BRIEF → The answer must consist solely of the lines below starting at the one containing "NVIDIA's G-Assist AI" and ending at the one containing "sertifikat-sootvetstviya-gost-475-2016-large", repeated exactly, with both ends included and all pictures omitted.

RECORDS FOR PROCESSING →
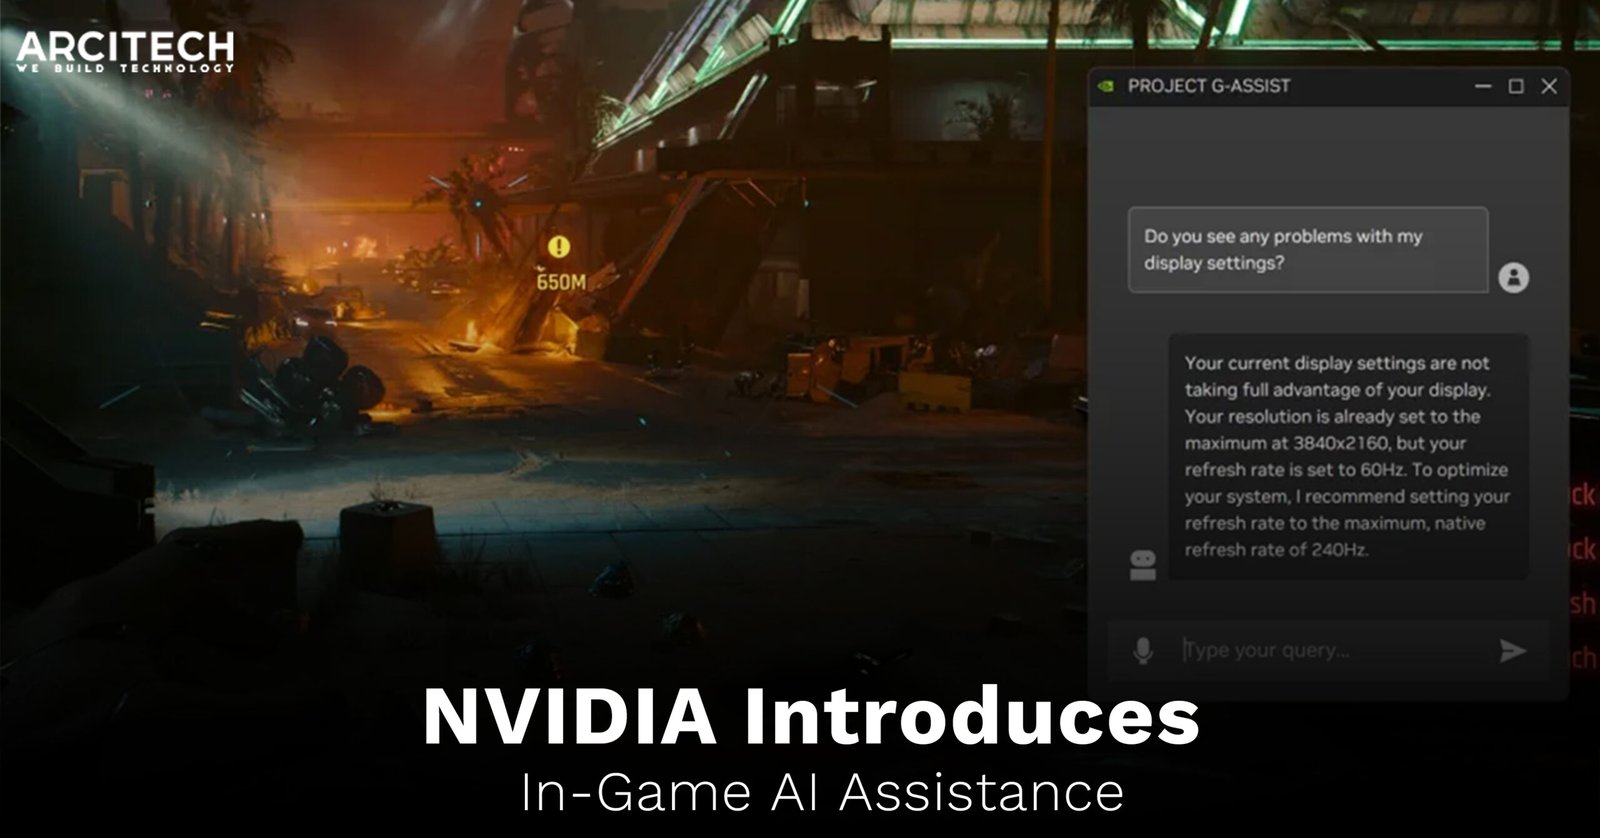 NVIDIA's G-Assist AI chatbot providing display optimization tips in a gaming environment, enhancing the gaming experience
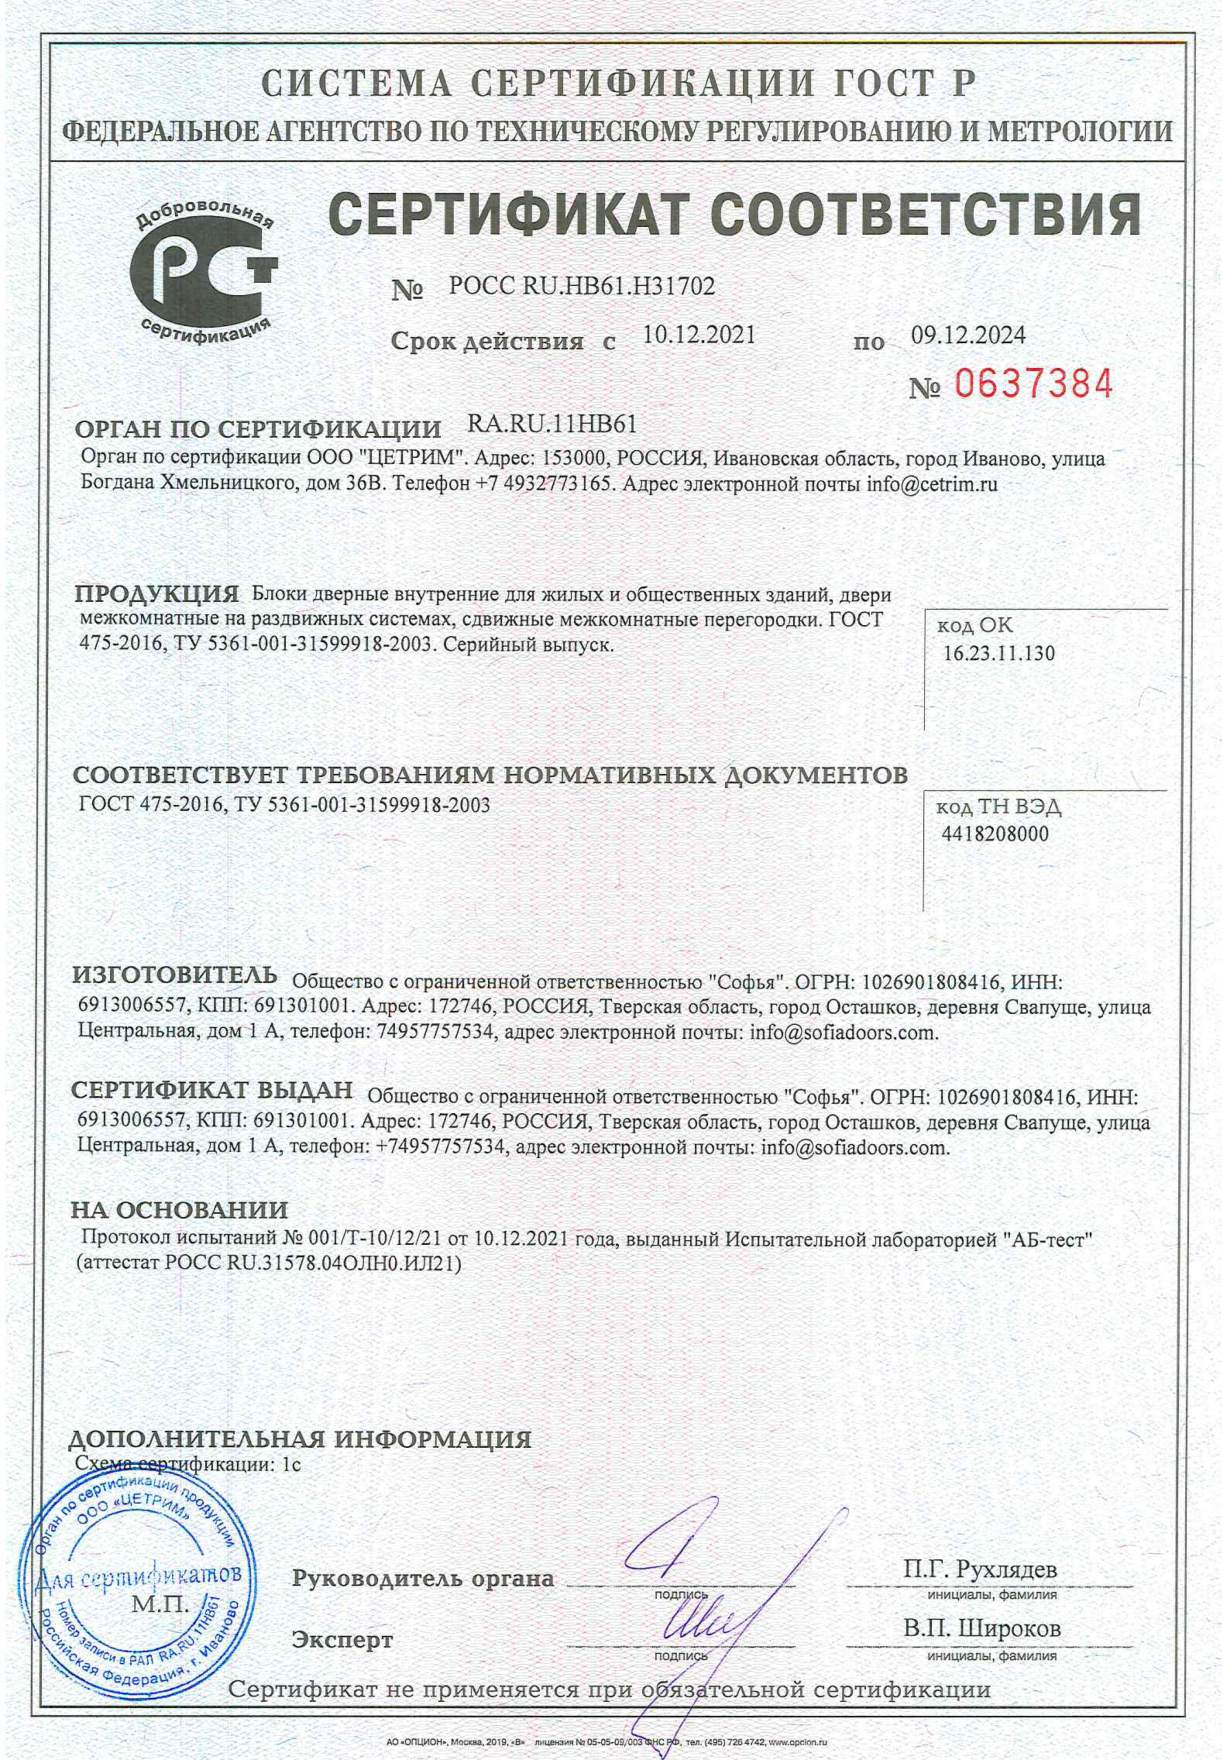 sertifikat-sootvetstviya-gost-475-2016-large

* * *

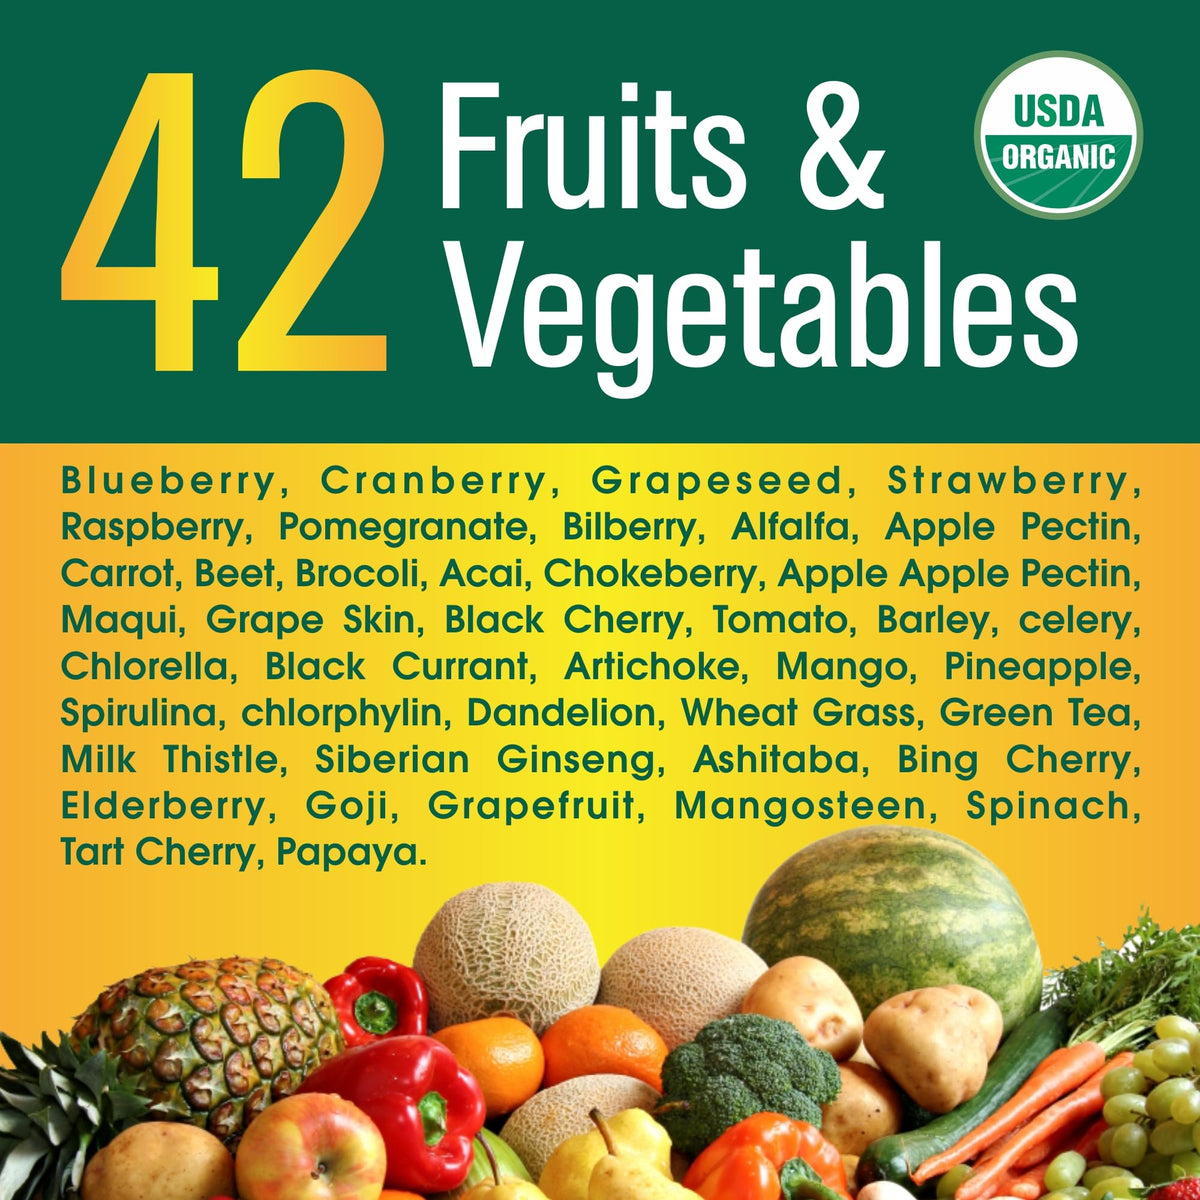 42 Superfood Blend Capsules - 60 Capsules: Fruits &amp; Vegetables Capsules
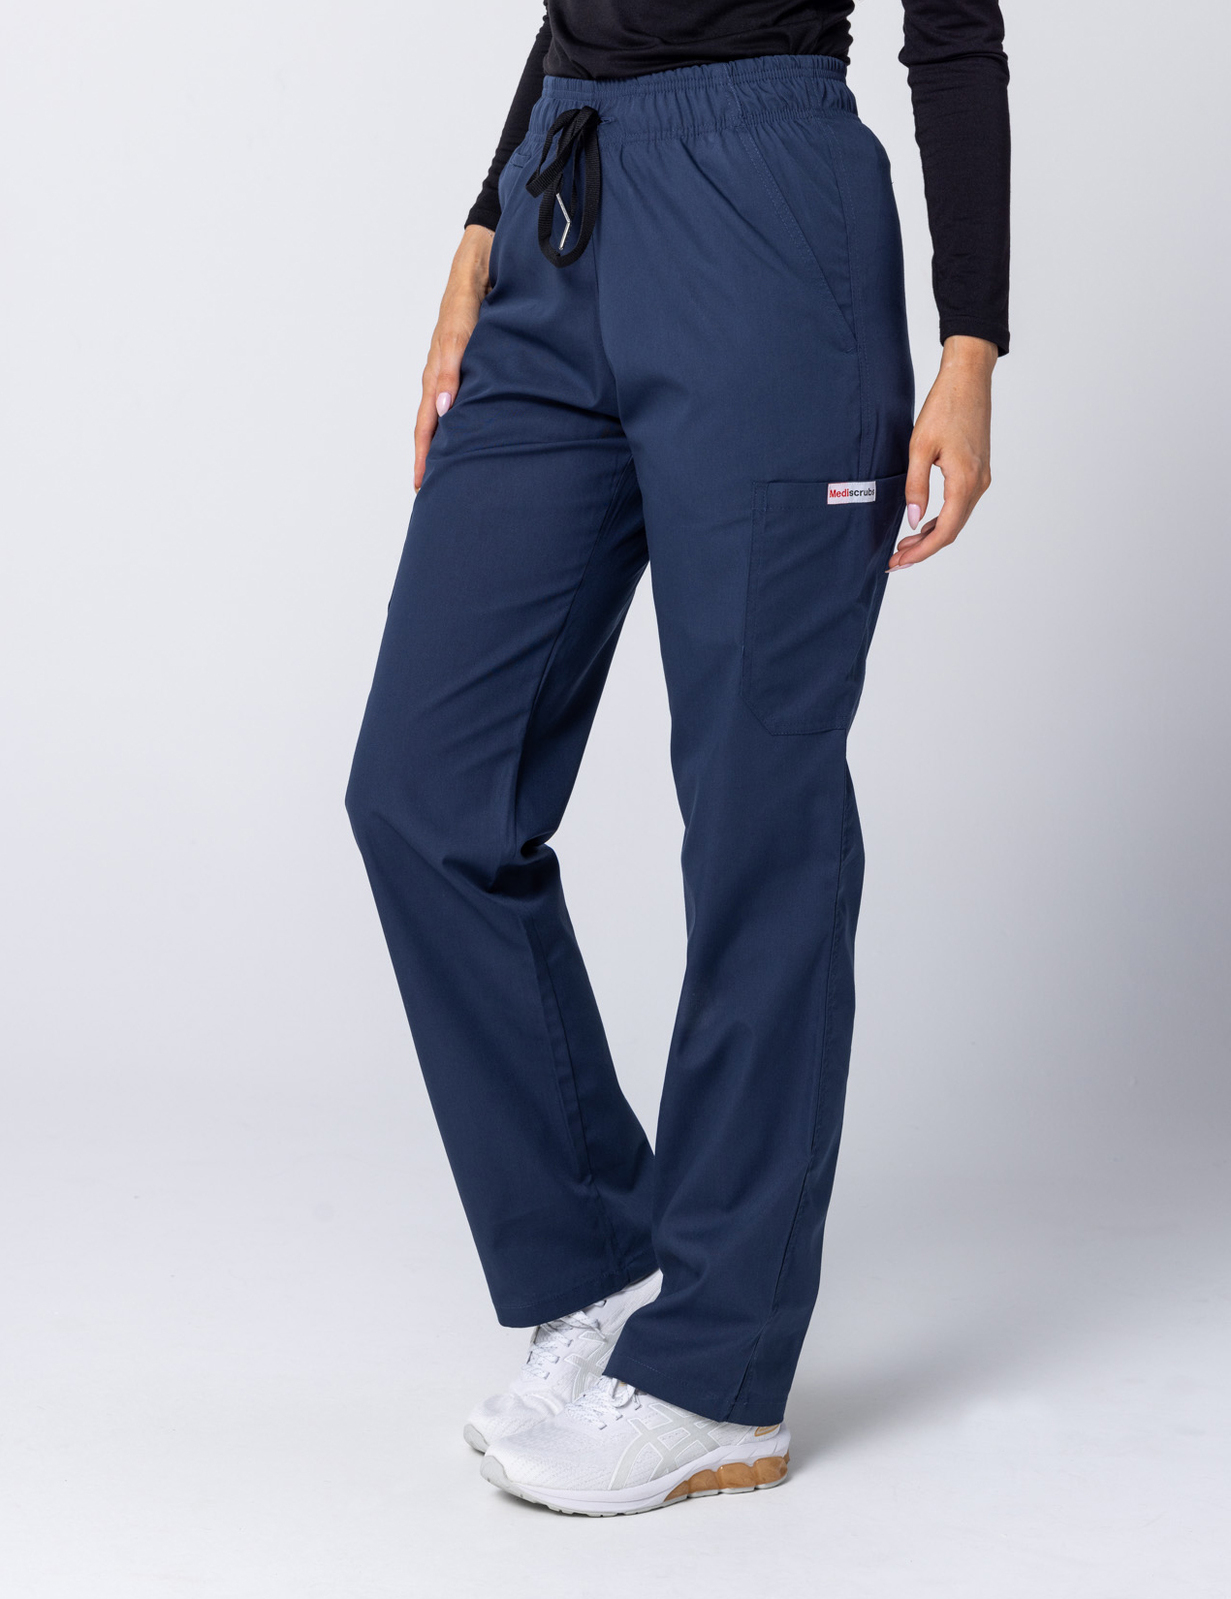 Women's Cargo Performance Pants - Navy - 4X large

ANSWER SECTION →
 NVIDIA's G-Assist AI chatbot providing display optimization tips in a gaming environment, enhancing the gaming experience
 sertifikat-sootvetstviya-gost-475-2016-large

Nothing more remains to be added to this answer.